- US Financial Crimes Enforcement Network (FinCEN) is on track to releasing new requirements for the dynamic cryptocurrency space, Steve Mnuchin assured Congress.
- Authorities need to follow funds to ensure they don’t end up for Money Laundering purposes
During a recent Senate Finance Committee hearing, Steve Mnuchin the U.S. Treasury Secretary called on the FinCEN, a U.S financial regulatory authority, to put in place new cryptocurrencies regulations and guidelines in a bid to reduce the money laundering, illicit trades and activities that cryptocurrencies purportedly enhance.

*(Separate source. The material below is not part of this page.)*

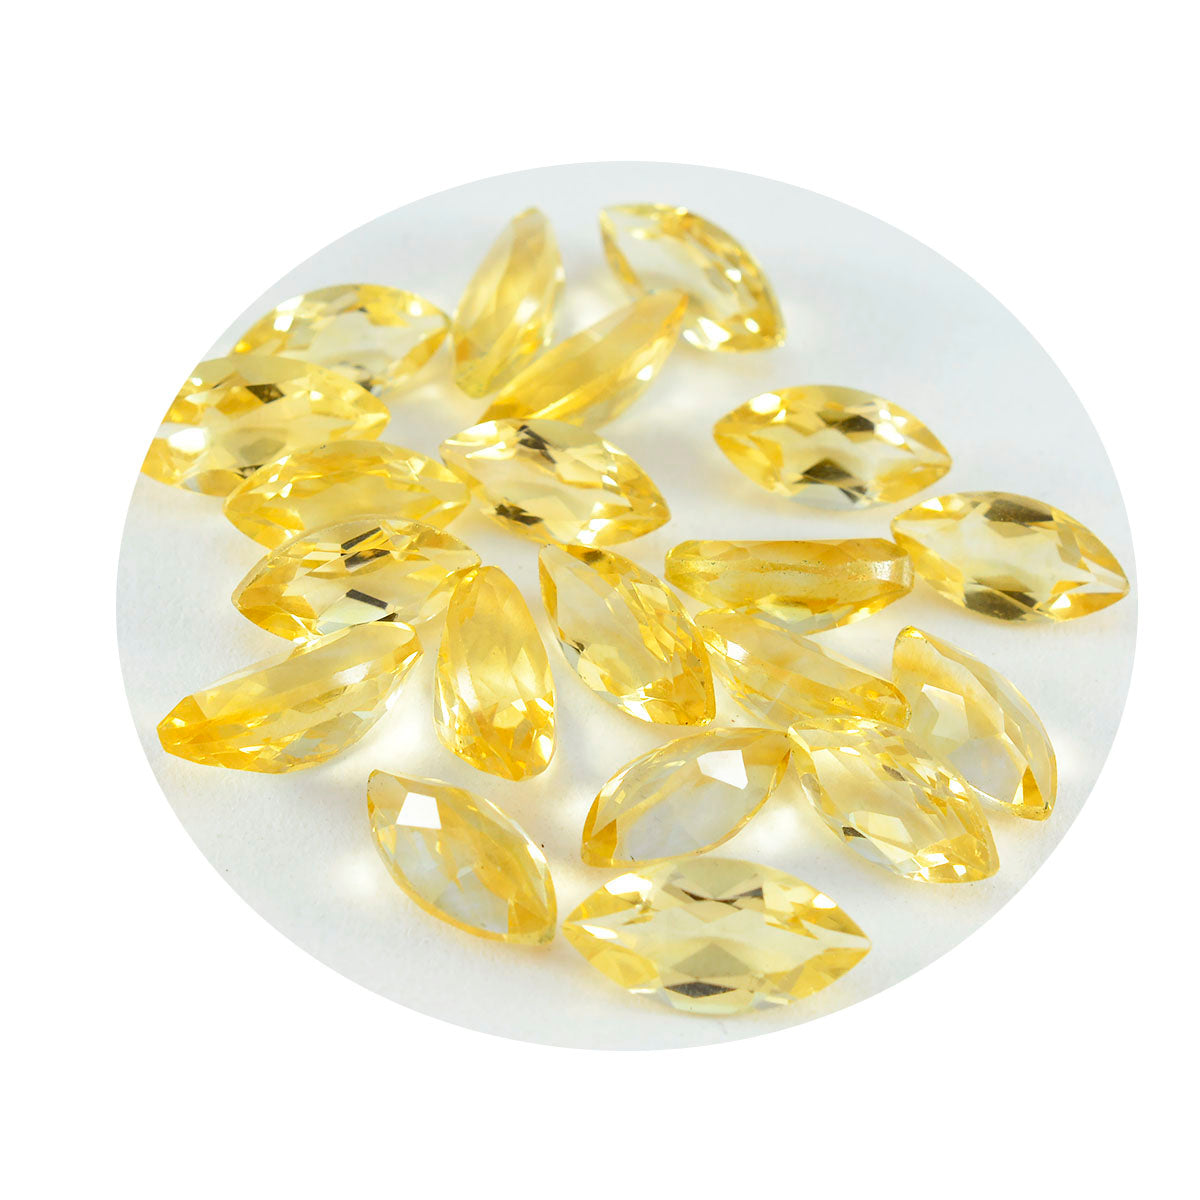 riyogems 1шт натуральный желтый цитрин ограненный 5x10 мм форма маркиза качество аа россыпь камень
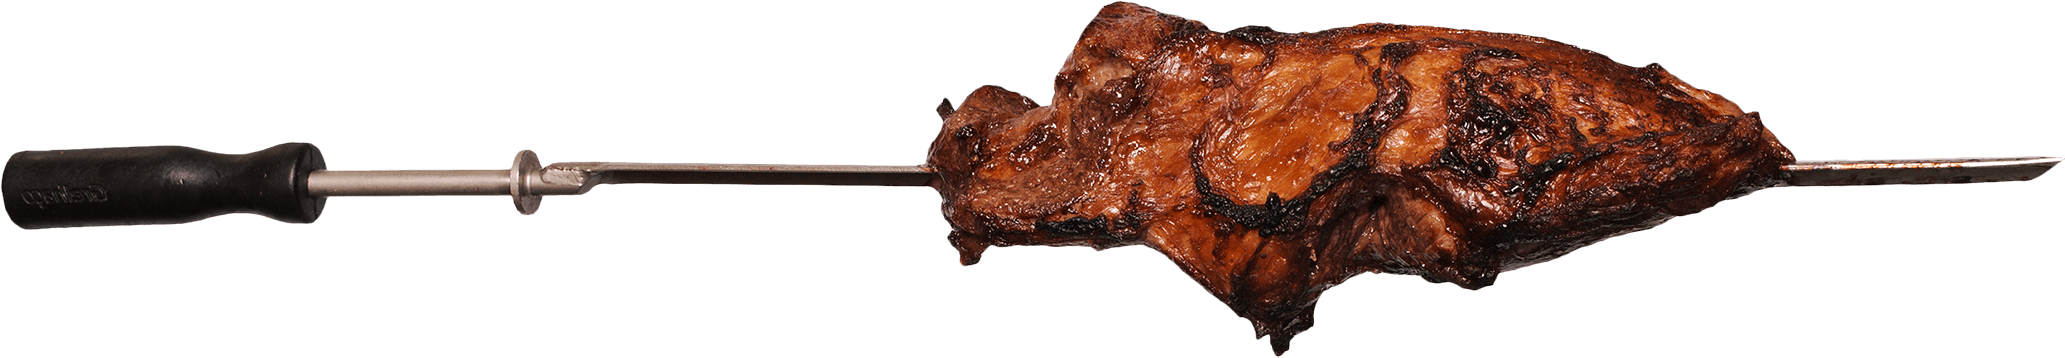 Maminha - Sirloin Steak (2120x357)

Mnuchin was in Congress answering Senator Maggie Hassan (D-N.H.), on how the budget increases Treasury plans to bolster monitoring and prosecution of terrorists and criminal rings that funnel funds using crypto. He didn’t give much details but he stated that they had zeroed in on cryptocurrencies, a topic they had given much thought after lengthy discussions with other agencies and watchdogs.
They would want technology to progress with caution by ensuring that digital assets aren’t simply being stashed for criminal enterprises. This would be made possible only if the authorities would be able to follow a trail ensuring that the funds weren’t for money laundering purposes.
“We want to make sure that cryptocurrencies aren’t used for the equivalent of old Swiss secret number bank accounts.”
In a previous White House briefing Mnuchin has argued that the cryptocurrencies in place have been breached by criminal fronts to facilitate illegal dealings such as ransomware, extortion and even in extreme cases Human and Narco trafficking. He added that the regulators wouldn’t stand by as crypto firms facilitate such with mentions of BTC and Libra.
“To be clear: FinCEN will hold any entity that transacts in Bitcoin, Libra, or any other cryptocurrency to its highest standards.”
FinCEN Tough Stance
FinCEN’s top brass has constantly reiterated their position on Crypto regulations. Previously Kenneth Blanco, director FinCEN has offered stern warning to crypto firms and start-ups that don’t follow BSA and AML regulations of dire consequences. The Securities and Exchange Commission(SEC), Commodity Futures Trading Commission (CTFC) and FinCEN recently released a joint press statement where they reminded actors in the crypto space to follow BSA and AML regulations set aside by regulatory authorities.